The budget breakdown can be found in the bulletin oficial and information on program costs is routinely covered in other information sources like Chequeado and the financial papers like Cronista as well as ministry of economy pages...which are even better informed than I! ;-)

Personally I have nothing against the concept of energy subsidies for those that need it - I am actually proud that Argentina has a system that in theory gives access to the basics to everyone.
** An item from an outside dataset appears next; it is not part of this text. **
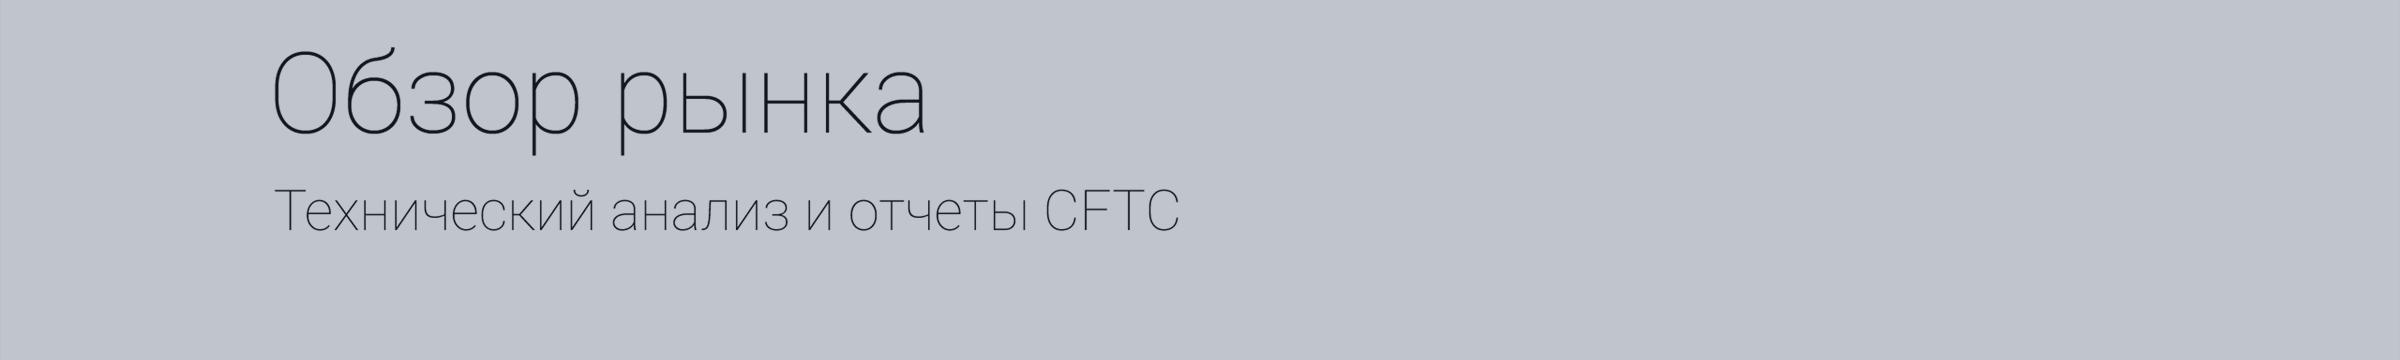 Еженедельный видеообзор финансовых рынков. Технический анализ и отчеты CFTC (30 мая — 5 июня)

But I don't see why my monthly Edenor bill comes with a big "Consumo Con Subsidio Del Estado Nacional" written across it (as they did 7 years ago) when I (like millions of others) have the means to pay full price, even if I won't like that or would rather spend that money on brunch, sweet-treats, vacations, wine or clothes...

Perhaps putting all those state employees to work (which already cost a few billion anyway) doing means testing and formalising the economy would result in chopping billions off that energy subsidy, amongst the others.

Or perhaps it is just easier for an inept or clientelista government to harp on with rhetoric like it's the $6bn spent on servicing public debt that is the real problem facing government accounts rather than aggravating millions of swing-voting middle and working class supporters?
Or perhaps even more cynically, with more things to spend money on, there are more opportunities to steal it without anyone really noticing its gone.